Forgiveness should be shown after a pensioner died in a road accident on his way home from bingo, his funeral heard today.
Hugh Friel, 66, was a good neighbour who would do anything for his friends, Co Donegal parish priest Fr Fintan Diggin said.
The farmer's car and another vehicle packed with eight youths were in collision near Clonmany on Sunday night.
The driver is seriously ill in hospital and his seven friends are dead.
"I know that Hughie would not have wanted the circumstances surrounding his death to heap any more pain or suffering or grief on anybody," Fr Diggin said.
He said if he were alive he would have hoped everybody could forgive and understand.
"I am sure he would have used the phrase that has been used so much these days 'there but for the grace of God go I'.
"The family have in their own heartbreak and suffering been looking out for the other families affected.
"Members of Hughie's family found it in their hearts to go to the families to sympathise with them, to offer the hand of friendship and to pray for them."
As the coffin was buried in the churchyard overlooking rugged Leenan Head, family and friends of Mark McLaughlin made their way slowly to St Mary's Church in Fahan, about 12 miles away.
At the same church later today the local community will endure their second funeral of the day with a service for Patrick "PJ" McLaughlin, 21, from Tooban, Burnfoot.
Families last night attended a private ceremony and laid flowers with messages at the crash scene near where the young men had been socialising and watching the World Cup final on Sunday night.
A smashed telegraph pole and damage to shrubs were the only remaining signs of the horror accident - the worst on record in Ireland.
Funerals for the other five men will take place across Inishowen tomorrow and Friday.
The priest at St Michael's Church in Urris, Clonmany, said Mr Friel's life revolved around working the land at his home nearby and helping his friends and neighbours.
His only distraction was bingo and he had won €65 in Buncrana on the night of his death.
His black woollen hat, which he wore while farming, and bingo cards and pen were laid at the entrance to the church.
The priest added: "This is an area of traditional good neighbourliness and people spontaneously helping each other, coming to someone's assistance... always being there for one another."
He continued: "That is the personality and character and nature of the man.
"Hughie Friel was a lovely, quiet, pleasant gentleman, a great neighbour who will be sorely missed by this community."
Low-maintenance, easily pleased, working on his land gave him immense satisfaction, he said.
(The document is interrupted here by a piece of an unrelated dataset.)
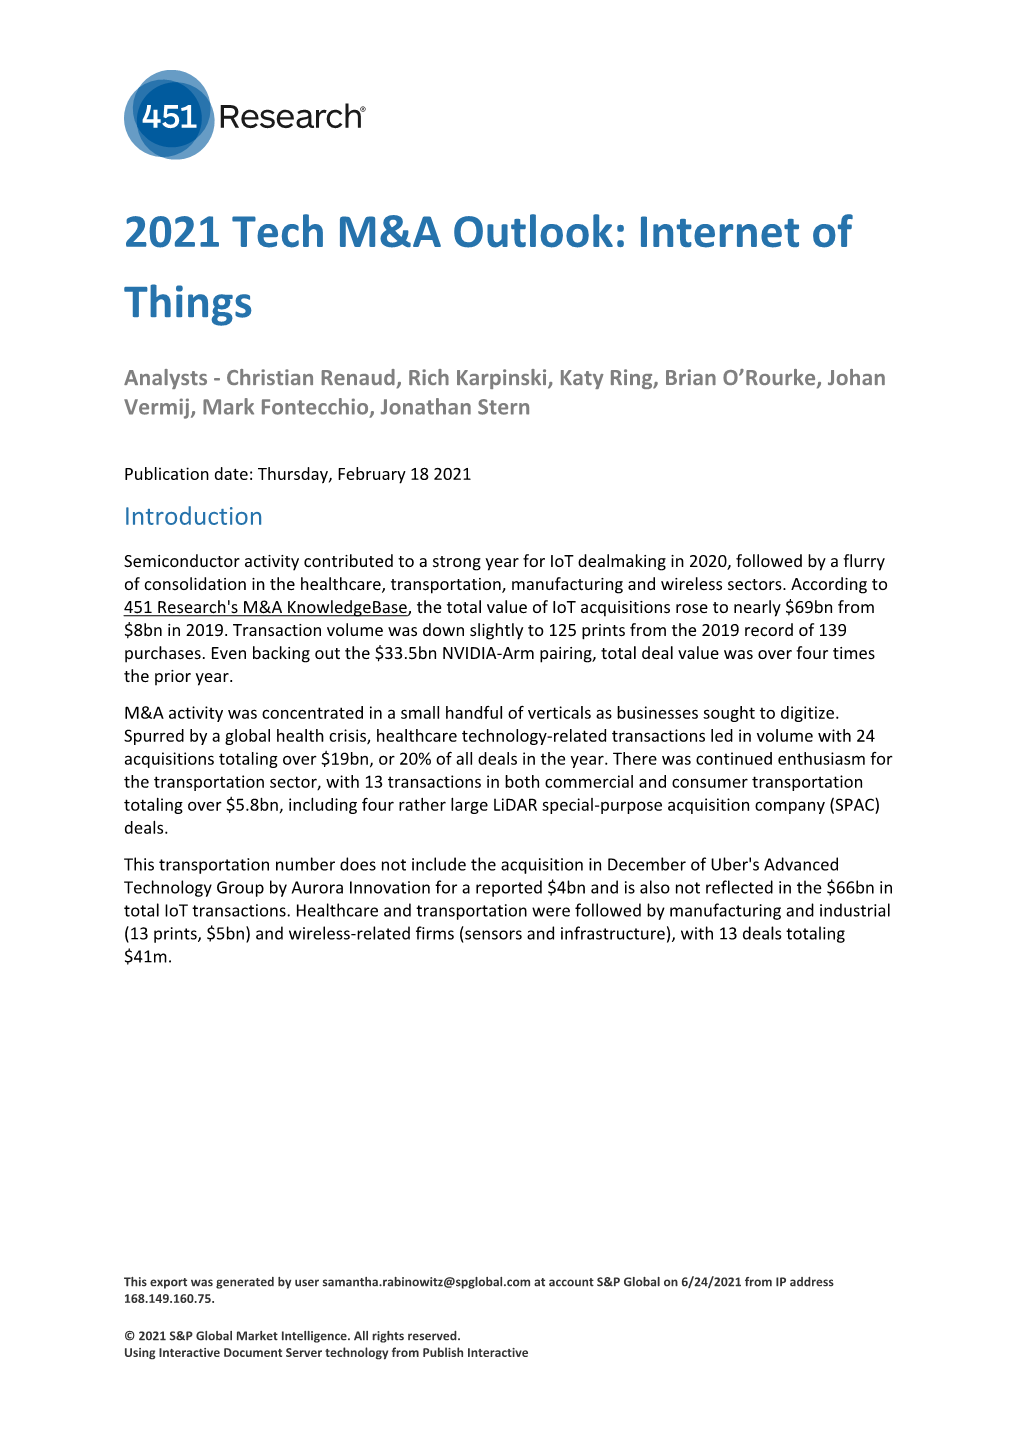 2021 Tech M&A Outlook: Internet of Things

Fr Diggin said most of the memorials at homes on the dramatic Inishowen peninsula were to those killed at sea.
"The focus seems to have changed from losses at sea to loss of life on land, on wheels," he added.
There have been several serious accidents in the area in recent years.
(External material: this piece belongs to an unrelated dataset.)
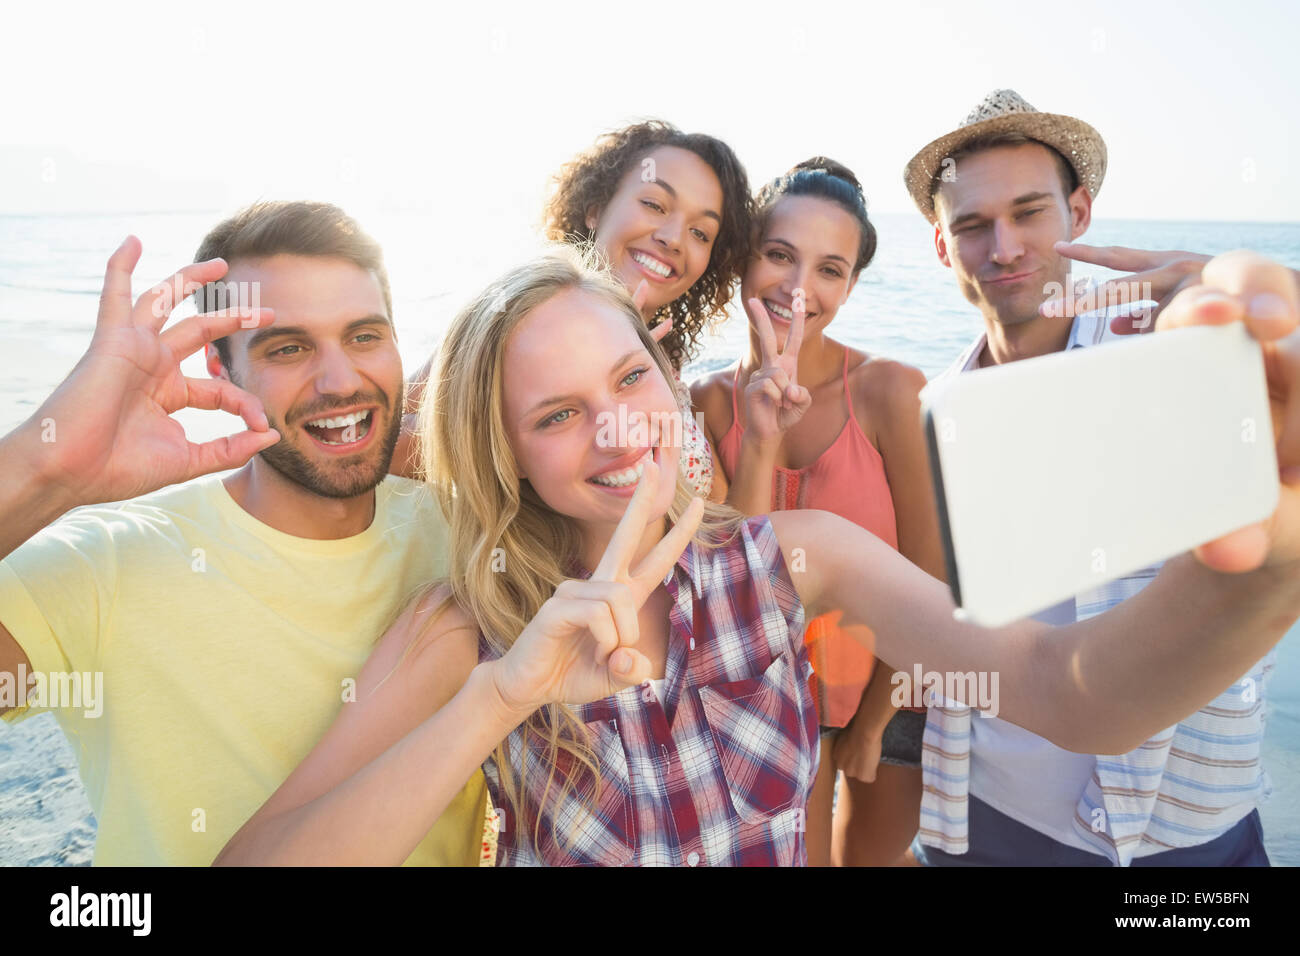 group of friends taking selfies Stock Photo

He asked mourners to pray for the driver of the youths' car, Sean Kelly, also from Urris, who was fighting for his life in Letterkenny Hospital.
A letter was read out from Bishop Seamus Hegarty.
"These past days have been difficult, not only for the families but for the entire Inishowen area.
"I was impressed by their deep dignity in the face of such tragedy," he said.
The small country church was packed with mourners from across the area.
Outside, at the burial in the churchyard, prayers were said and red roses dropped on to the coffin.
The sound of muted crying could be heard, and a little boy tearfully rested his head against his mother's cheek.
One family member helped his distressed wife out of the church by the arm as it emptied of people.
One mourner said: "It is a sad day for the parish."